Among the functions that would place software into the category of high risk are:

  • Maintenance of manufacturing process parameters (such temperature, pressure and humidity) when those parameters have an impact on device safety or quality;
  • Analysis of a manufacturing process or a product to determine acceptability without the need for human input; and
  • Automated surveillance, trending or tracking of data that has been identified by the manufacturer as essential to the quality and/or safety of the device.

In contrast, the software functions that would fall into the category of not-high risk include:

  • The collection and recording of manufacturing process data for monitoring/review purposes when those purposes have no direct impact on production/process performance;
  • Compliance with corrective and preventive action (CAPA) requirements and for logging and tracking complaints; and
  • Data management and software that provides an alert for exceptions to an established process.

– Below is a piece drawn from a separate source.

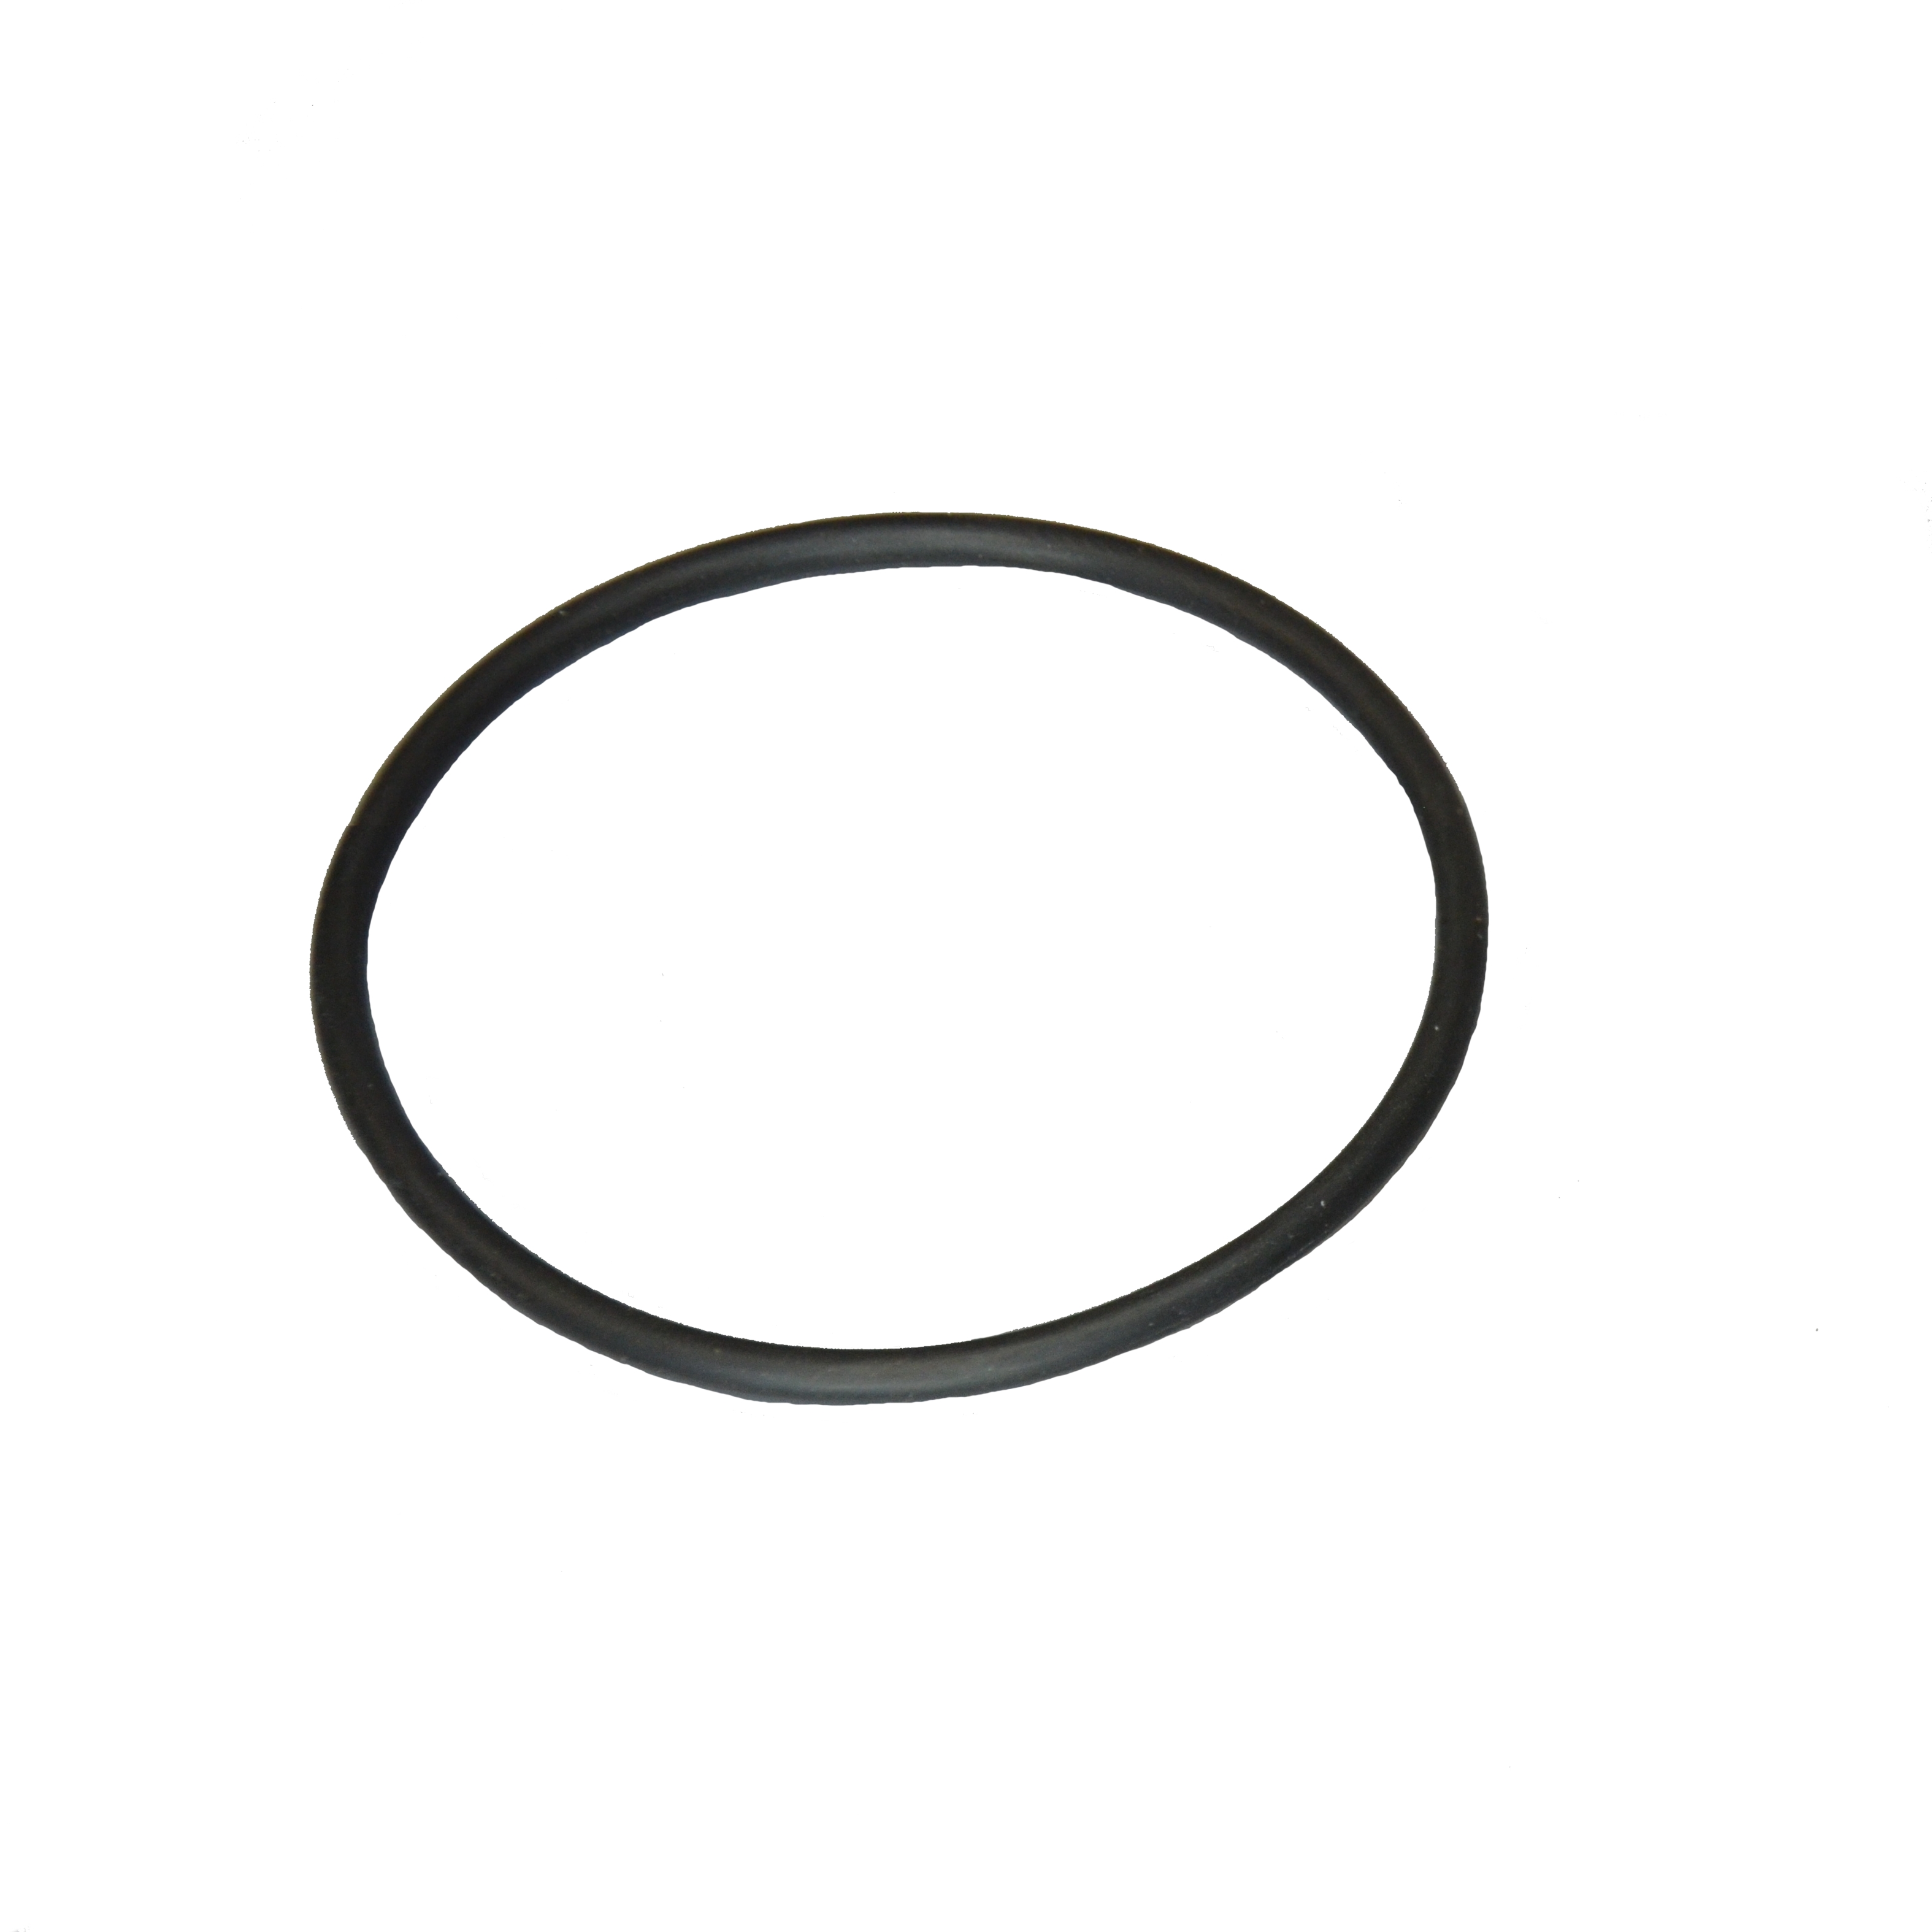 O-ring for cover of leveling system pump, increased

The CSA draft states that the FDA does not see ISO 14971 as applicable to this risk framework because of the non-probabilistic nature of risk associated with software used for these applications. This non-probabilistic approach to failure is also seen in the most recent draft guidance for premarket considerations for device cybersecurity, but Section 6 of the 2002 guidance makes no reference to 14971, although the ISO standard is mentioned elsewhere in the 2002 guidance.

A manufacturer may select unscripted testing for any computer systems and functions it believes do not fall into the high process risk category, which may include one or more of:

  • Ad hoc testing, which does not necessarily require extensive documentation;
  • Error-guessing, which requires some knowledge and experience regarding past software failures or a general familiarity with failure modes; and
  • Exploratory testing, which again relies on experience and knowledge, and which may seek to evaluate unanticipated user behaviors and accidental use situations that could lead to software failure.

Scripted testing for high process risk software can be more robust and/or formal, but the CSA draft makes a few key concessions, such as the use of purchasing controls to establish a baseline for validation of purchased software. In some instances, the vendor’s validation work might suffice for some lower-risk software features, but a manufacturer’s production and process controls that are functionally adjacent to the function of the software in question can also be leveraged to help ensure the reliable performance of the software.

The net effect of this CSA draft is to relieve the manufacturer/developer of a range of validation and verification activities for a manufacturing site’s computer systems, but the manufacturer must do more up-front work to do to determine which functions qualify for a lesser regulatory burden. While there are sure to be a few close calls as to what constitutes a high process risk software function – a debate that is unlikely to occur until an FDA inspection is underway – this draft opens an entirely new conversation in what has been a very difficult and exhausting dialogue between the regulator and the regulated for two decades.